The bottom line is, you get a calculated language code, not an educated guess.

1. Provide the text you need to analyze, ensuring you include as much text as possible for better accuracy.
2. The engine runs the N-gram analysis and checks it against any configured whitelists or blacklists.
3. You get back the language code (e.g., 'spa') or a list of top candidates with their exact probability scores.

## Frequently Asked Questions

**Why is this better than asking Claude to detect the language?**
LLMs often hallucinate languages for short strings or names. They also struggle to provide standardized ISO codes reliably. This engine uses mathematical N-gram analysis (the same technique behind Google Search language detection) to deterministically map text to one of 400+ ISO 639-3 codes.

**What does it mean if it returns 'und'?**
'und' stands for Undefined. It means the text is too short, mostly numbers, or too ambiguous to confidently map to a single language. This is a feature — it prevents your routing logic from making false assumptions.

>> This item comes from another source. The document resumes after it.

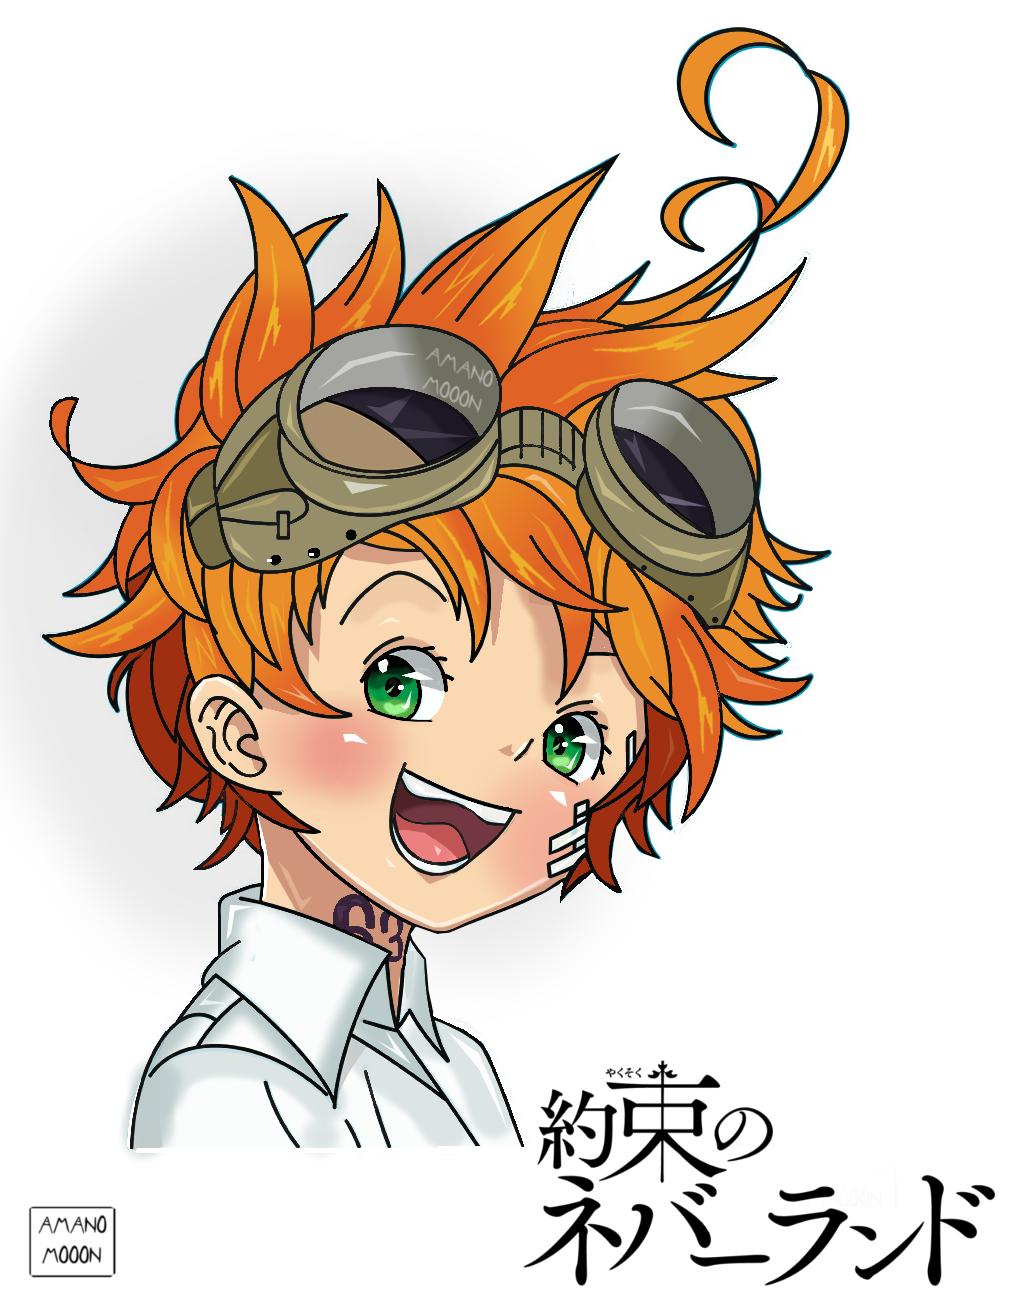 The Promised Neverland Emma Manga Colors Anime by Amanomoon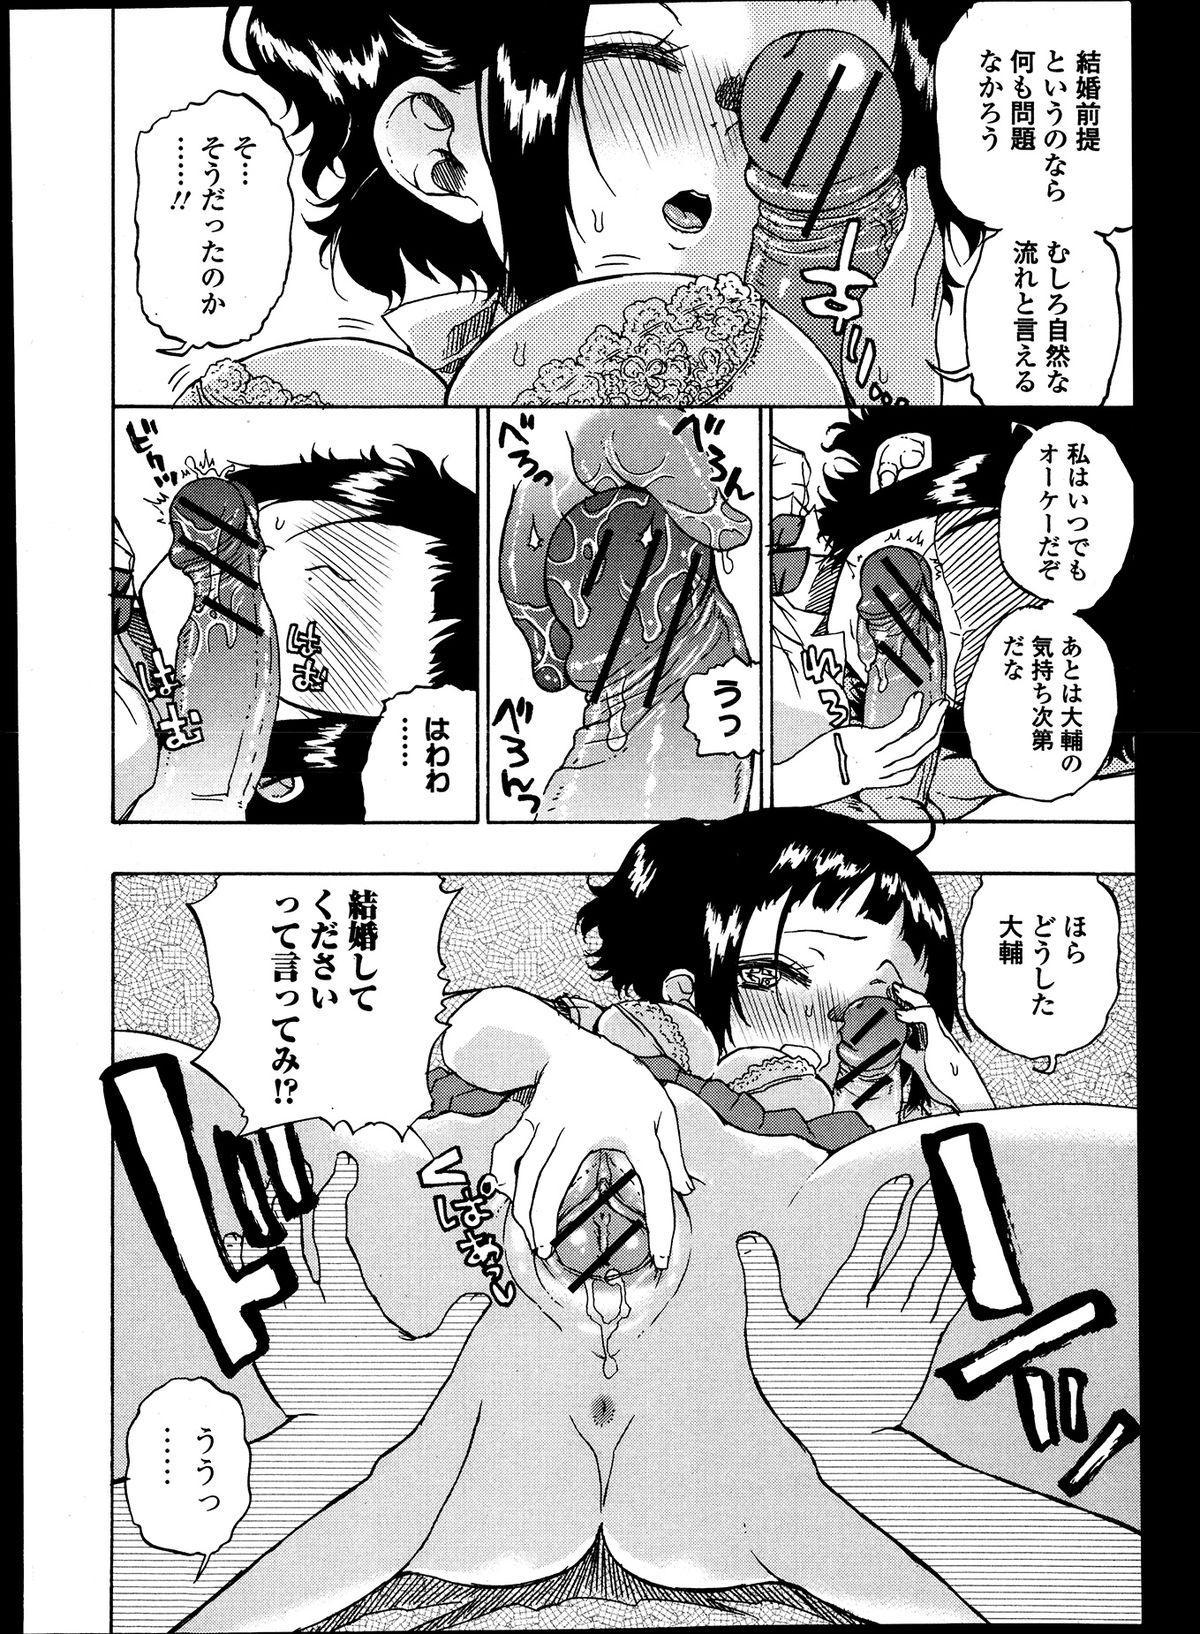 Bishoujo Kakumei KIWAME Road Vol.9 145

**Can I force it to choose between specific languages?**
Yes. Pass an array of ISO 639-3 codes to the 'only' parameter (e.g., ['eng', 'por', 'spa']). The engine will only calculate probabilities within that subset.

**When I run `detect_language` on large batches of text, are there any rate limits I should know about?**
The MCP handles standard API rate limiting. For high-volume processing, you'll need to implement exponential backoff in your agent logic. Vinkius manages the overall throughput, but sustained, massive requests require thoughtful throttling on your end.

**What happens if I pass an empty string or null data to `detect_language`?**
The tool is designed to handle non-text input gracefully. If you send nothing, it won't crash; instead, it will return a defined error status indicating that no text was provided for analysis.

**Are the language codes returned by `detect_language` reliable enough for direct database lookups?**
Yes. The output uses standard ISO 639-3 codes (like 'eng' or 'por'), which are industry standards. This means they map directly and reliably to existing localization fields in most modern databases.

**Do I need any special setup when connecting my agent to the Language Detector Engine via MCP?**
No specialized setup is required beyond standard Vinkius authentication. Once your AI client connects through the MCP, you just call `detect_language` using its native API structure.

**Can I pass multiple text segments to `detect_language` at once for comparison?**
You can include multiple distinct texts in a single prompt. The tool will process each segment individually, returning separate detection results and confidence scores for every piece of input you provide.